# Sonata no. 2 in Des Major - movement one



## AndreasvanHaren

A new piece: This is the first movement of my second piano sonata in Des Major. This piece is very different from my first piano sonata which was very classical in style; this new sonata is much more romantically. The other three movements will probably follow next year, December is going to be a very busy month for me; no time for composing more music.

Sonata no. 2 in Des Major - movement one.

Hope you like it,

André


----------



## Krummhorn

André,

What a beautiful contrast to your prior works shared here. Your talent as a composer for piano is a true gift of the soul. Looking forward to the rest of the composition next year. All the best for the rest of this year and into 2008. 

Kh


----------



## AndreasvanHaren

Hi Krummhorn,
thanks for that very nice compliment. I wish you an all the best for the coming year as well. December will leave no time for me to write any more music.

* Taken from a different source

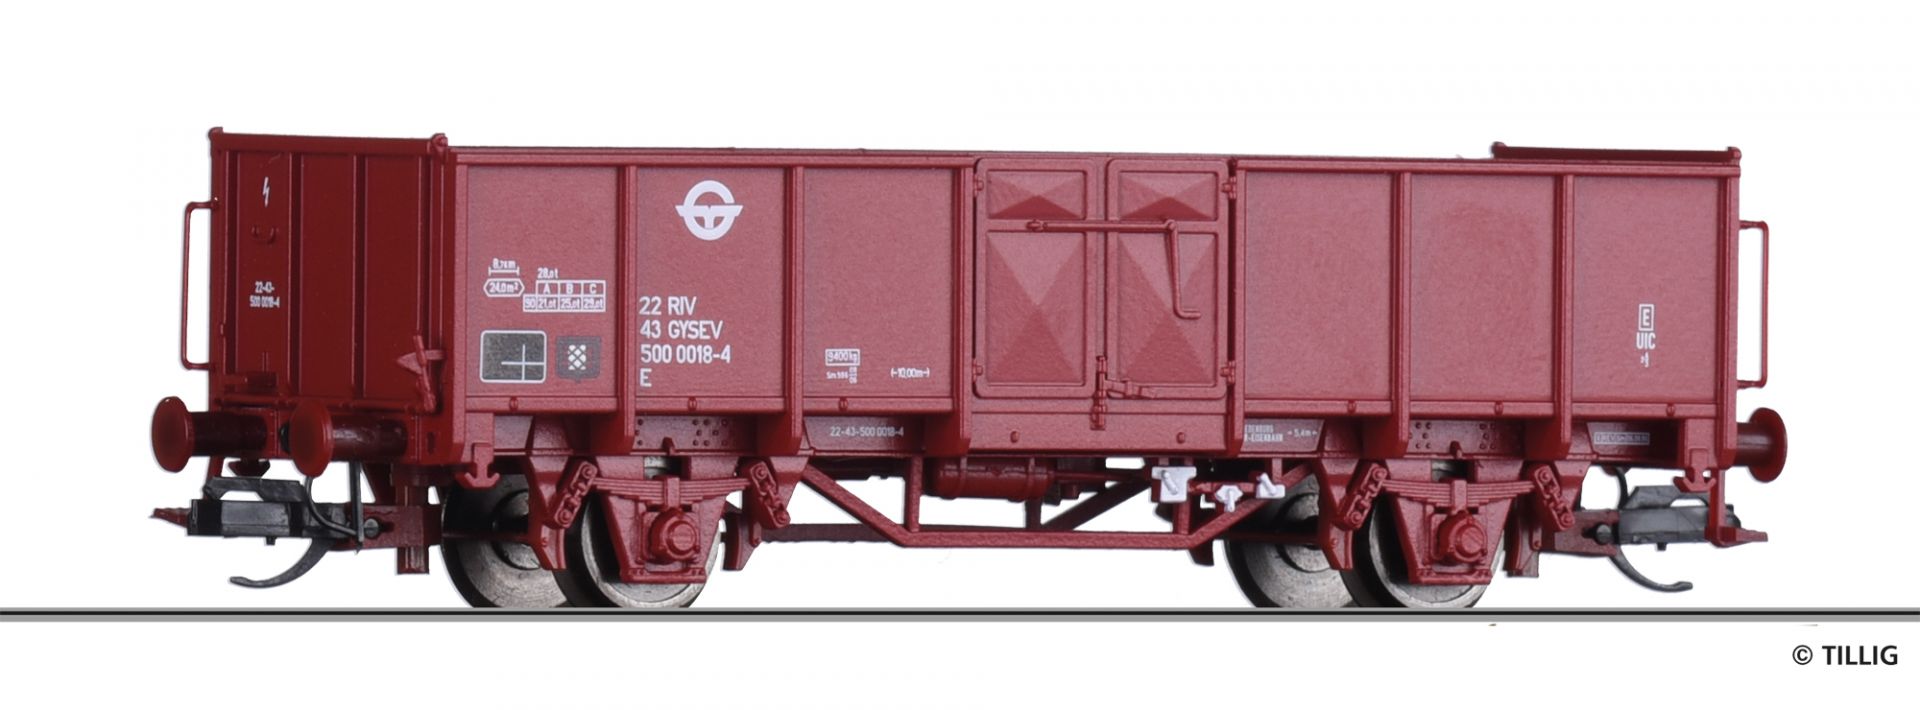 14076 | Offener Güterwagen GySEV

I put the score on my website for download, in case you would like to have a look at it.
http://www.andrevanharen.com/pianosonatano2.htm

best wishes,
André


----------



## Krummhorn

Hi André,

Thanks! I'll check that out later today and have another listen while reading while reading the music. 

Kh


----------



## Morigan

Wow, I love it, seriously! Thank you for sharing your work with us.


----------



## AndreasvanHaren

you're very welcome Morigan. Thanks for listening to it.


----------